The Communist Left of New Zealand is a revolutionary organisation which as part of the international movement is committed to building the party that will lead the working class to achieve a dictatorship of the proletariat transitional to communism in Australasia and the Pacific as part of the world socialist revolution.

The productive forces of our time have outgrown not only the bourgeois forms of property relationships but also the boundaries of national states. Liberalism and nationalism have both become fetters upon the further development of the world economy. The world proletarian revolution is directed both against private property and against the national splitting-up of the world economy. The socialist revolution, in abolishing wage slavery will abolish the division of society into classes and all social and political inequality therefrom.

The path to this goal lies throught the smashing of the entire capitalist state, its army, its police, and its bureaucracy leading to its replacement by a new form of state which, from the moment of its inception, will begin to wither away. This new form of state constitutes the dictatorship of the proletariat.

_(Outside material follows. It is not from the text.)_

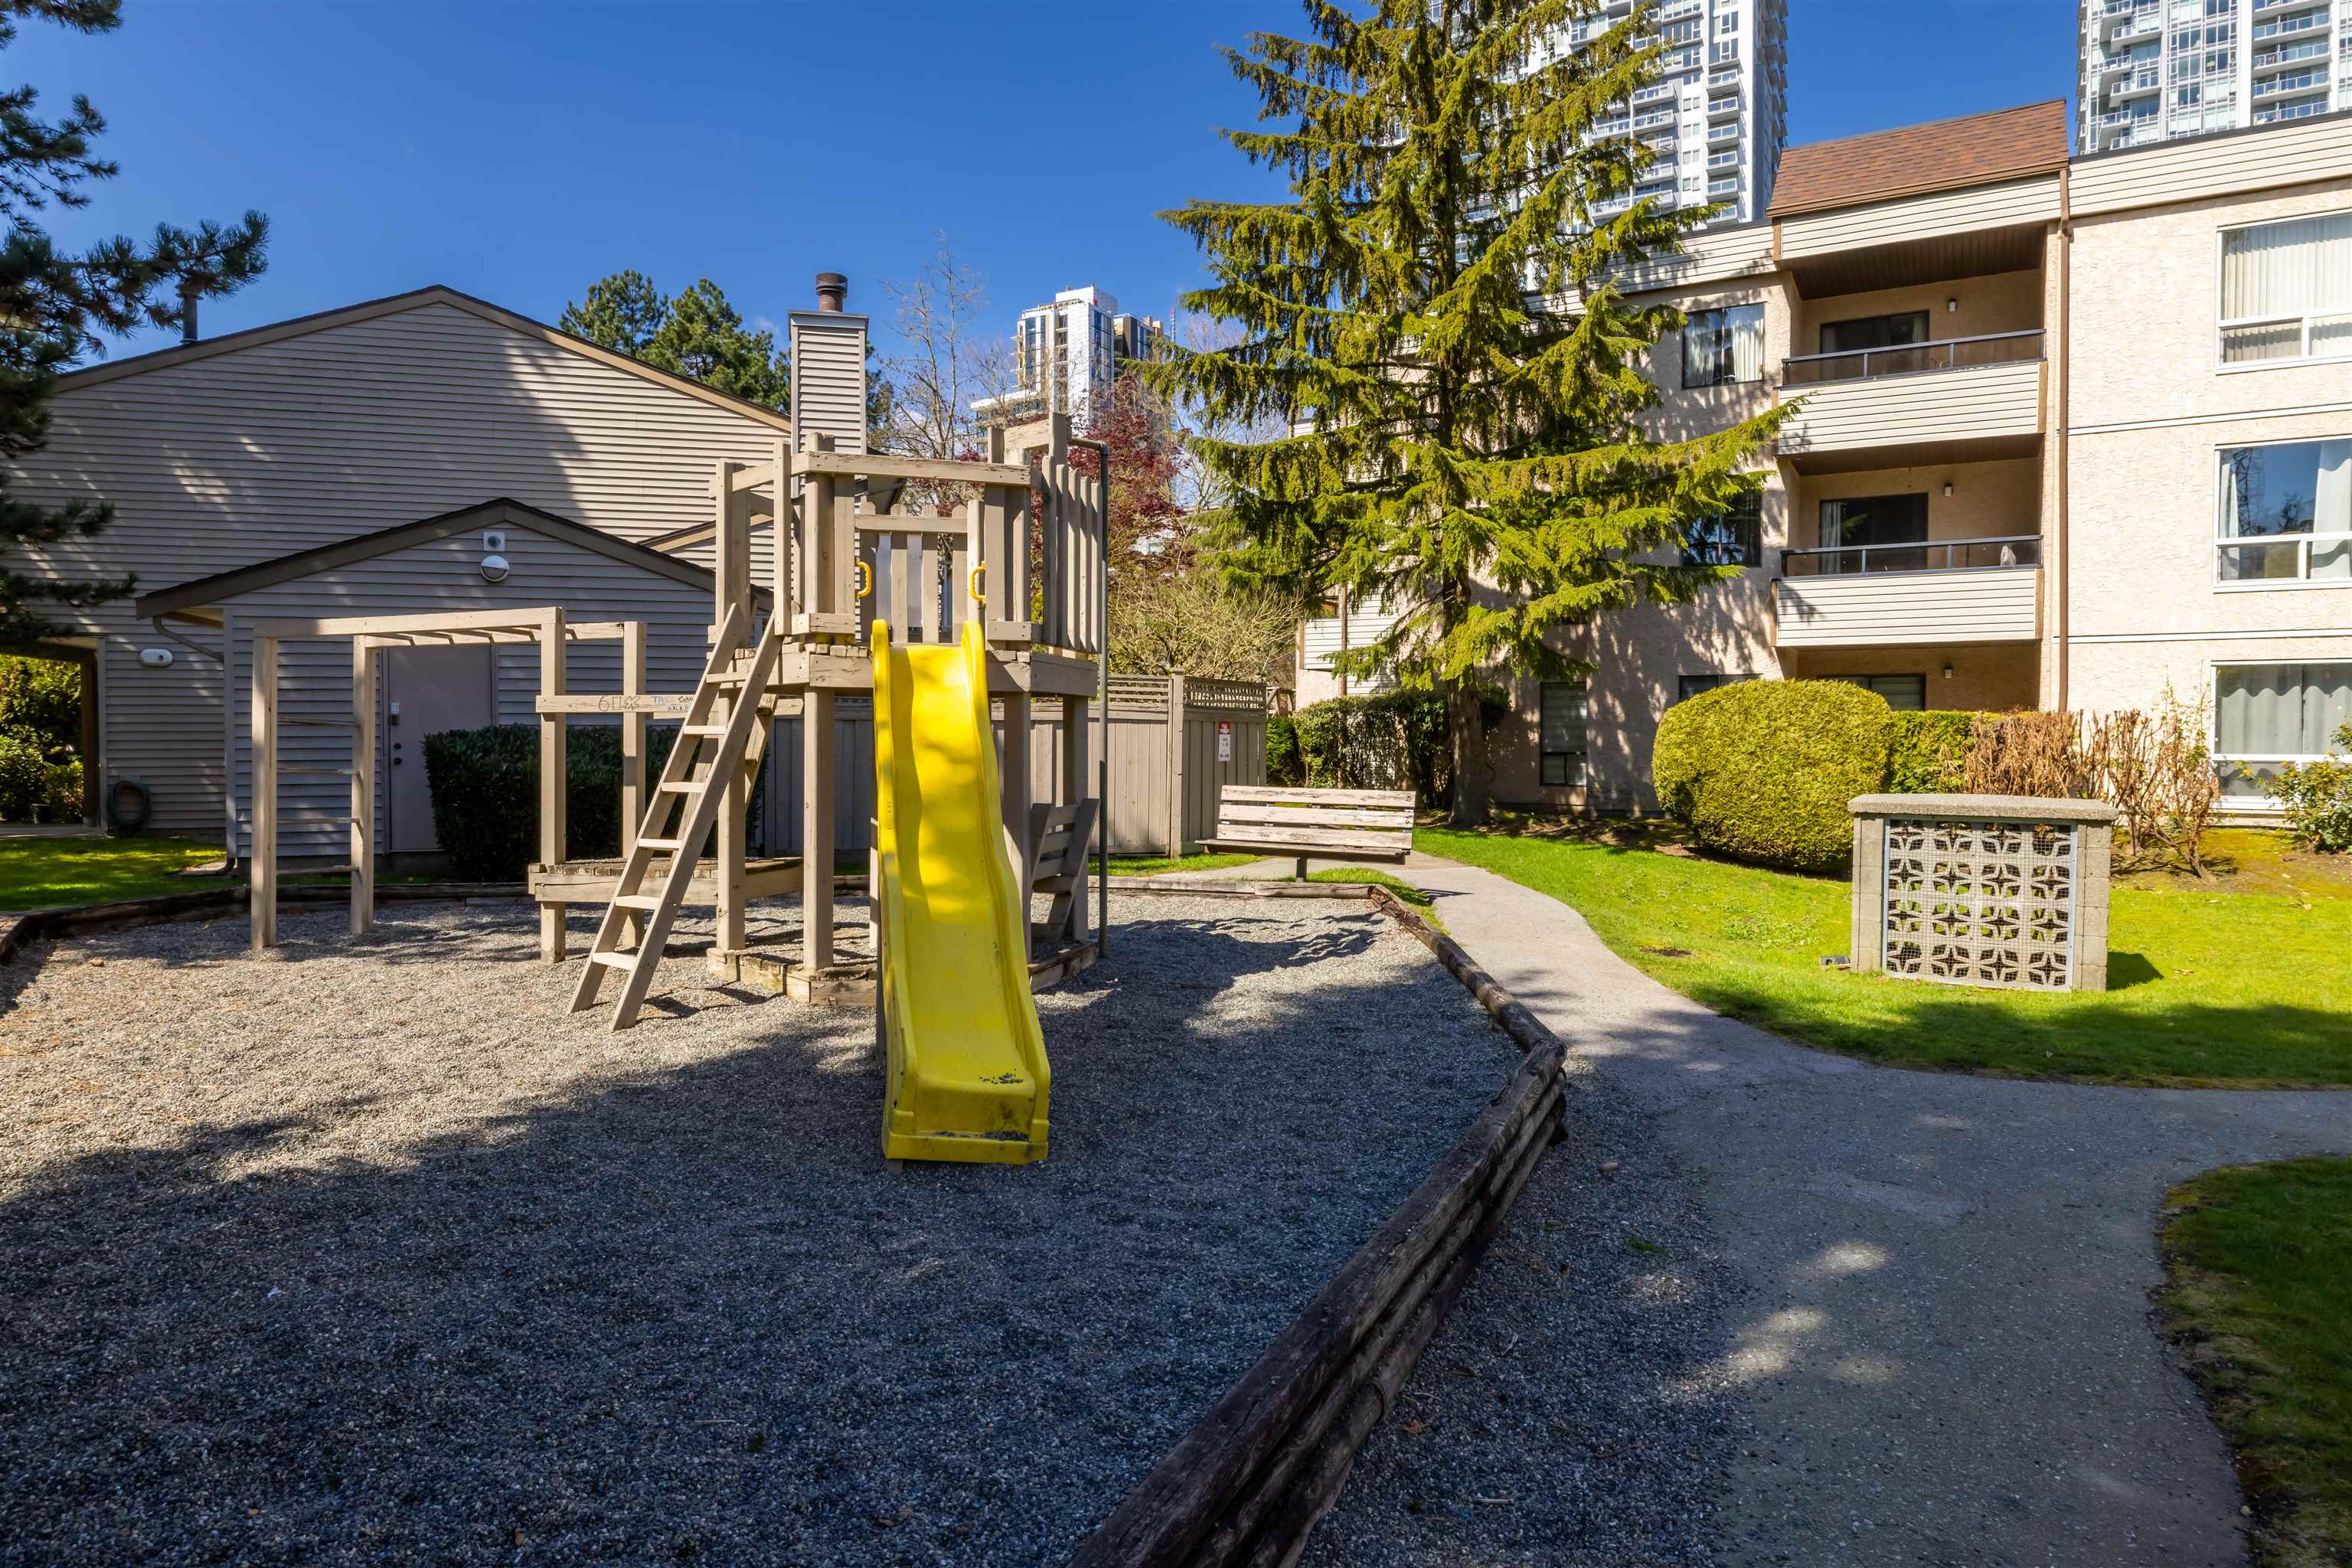 13344 102A, Surrey, British Columbia V3T 5J7, 1 Bedroom Bedrooms, ,1 BathroomBathrooms,Residential Attached,For Sale,102A,R2871713

Faced with the trend to proletarian revolution ona world scale, promising under world communism to end all poverty, all political and economic oppression and all war, raising all humanity to the level of an Aristotle, a Goethe, or a Marx, a society where the free development of each is the condition for the free development of all, capitalism in its most moribund stage, imperialism, can respond only by moves toward fascism and global war – threatening an international nuclear holocaust to maintain the bourgeoisie as the ruling class. The increasingly naked barbarism of a reactionary and parasitic world imperialism must accelerate the building of the world party of socialism.